The suit giving rise to the case before the
Court was filed by a plaintiff who was a member of a putative class
in a class action but who later elected to withdraw and proceed in
this separate suit, seeking recovery for the same illegalities that
were alleged in the class suit. The class-action suit had been
filed within the time permitted by statute. Whether the later,
separate suit was also timely is the controlling question.
I
A
The Securities Act of 1933 “protects investors
by ensuring that companies issuing securities . . . make
a ‘full and fair disclosure of information’ relevant to a public
offering.” Omnicare, Inc. v. Laborers Dist. Council
Constr. Industry Pension Fund, 575 U. S. ___, ___ (2015)
(slip op., at 1) (quoting Pinter v. Dahl, 486
U. S. 622, 646 (1988) ); see 48Stat. 74, as amended, 15
U. S. C. §77a et seq. Companies may offer
securities to the public only after filing a registration
statement, which must contain information about the company and the
security for sale. Omnicare, 575 U. S., at ___–___
(slip op., at 1–2). Section 11 of the Securities Act
“promotes compliance with these disclosure provisions by giving
purchasers a right of action against an issuer or designated
individuals,” including securities underwriters, for any material
misstatements or omissions in a registration statement. Id.,
at ___ (slip op., at 2); see 15 U. S. C. §77k(a).
The Act provides time limits for §11 suits.
These time limits are set forth in a two-sentence section of the
Act, §13. It provides as follows:
“No action shall be maintained to enforce
any liability created under [§11] unless brought within one year
after the discovery of the untrue statement or the omission, or
after such discovery should have been made by the exercise of
reasonable diligence . . . . In no event shall any such
action be brought to enforce a liability created under [§11] more
than three yearsafter the security was bona fide offered to
thepublic . . . .” 15 U. S. C. §77m.
So there are two time bars in the quoted
provision; and the second one, the 3-year bar, is central to this
case.
B
Lehman Brothers Holdings Inc. formerly was one
of the largest investment banks in the United States. In 2007 and
2008, Lehman raised capital through a number of public securities
offerings. Petitioner, California Public Employees’ Retirement
System (sometimes called CalPERS), is the largest public pension
fund in the country. Petitioner purchased securities in some of
these Lehman offerings; and it is alleged that respondents, various
financial firms, are liable under the Act for their participation
as underwriters in the transactions. The separate respondents are
listed in an appendix to this opinion.
In September 2008, Lehman filed for bankruptcy.

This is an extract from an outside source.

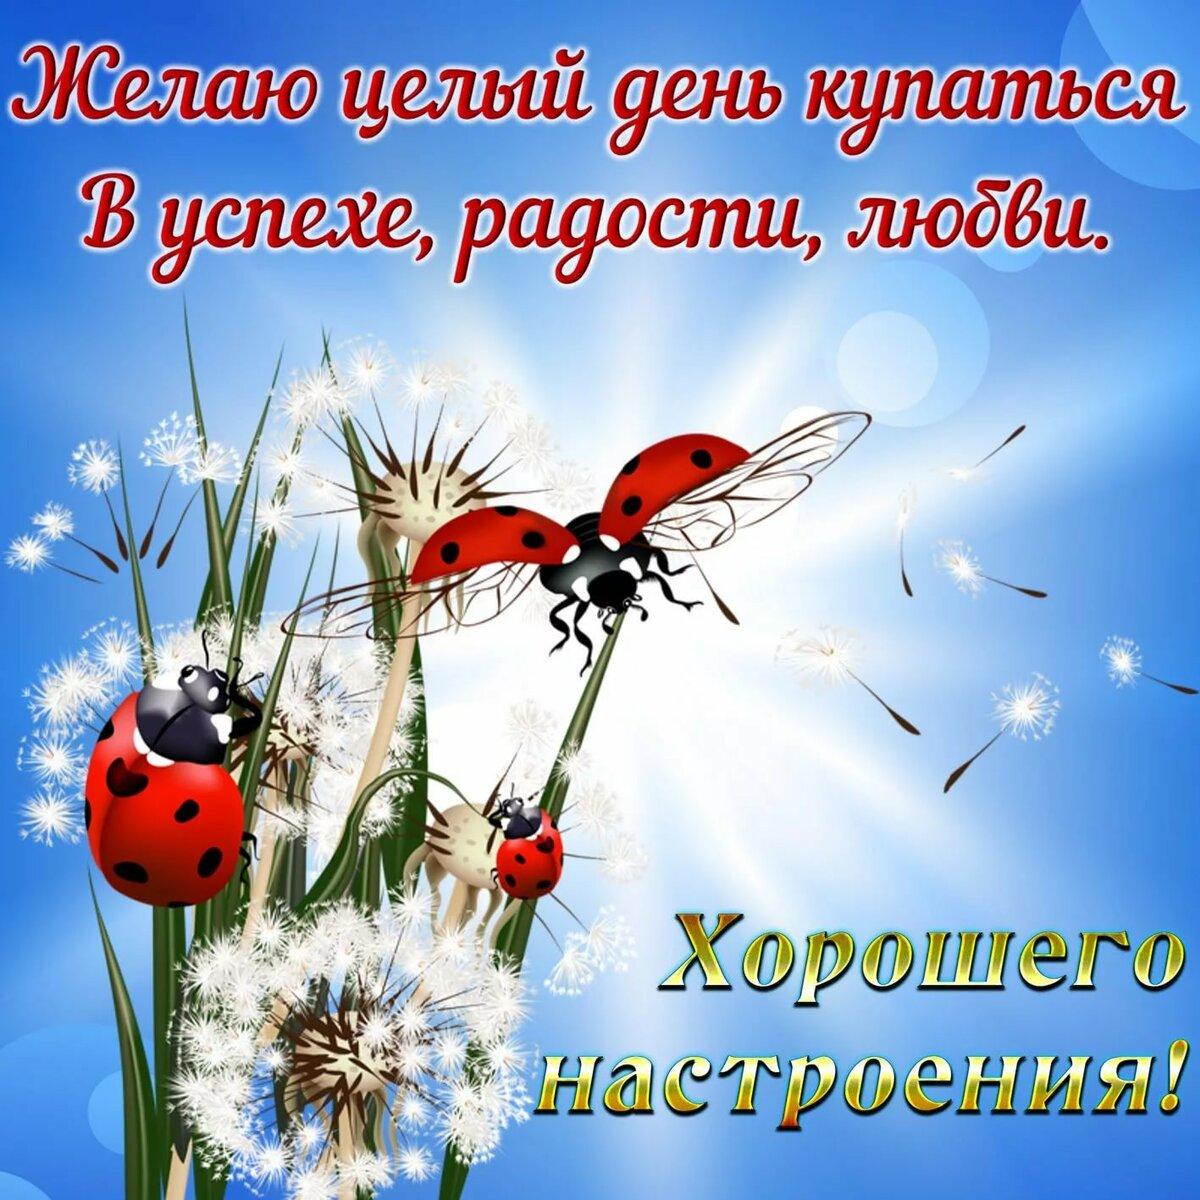 составили открытки с позитивными пожеланиями только россии, из-за

Around the same time, a putative class action concerning Lehman
securities was filed against respondents in the United States
District Court for the Southern District of New York. The operative
complaint raised claims under §11, alleging that the registration
statements for certain of Lehman’s 2007 and 2008 securities
offerings included material misstatements or omissions. The
complaint was filed on behalf of all persons who purchased the
identified securities, making petitioner a member of the putative
class. Petitioner, however, was not one of the named plaintiffs in
the suit. The class action was consolidated with other securities
suits against Lehman in a single multidistrict litigation.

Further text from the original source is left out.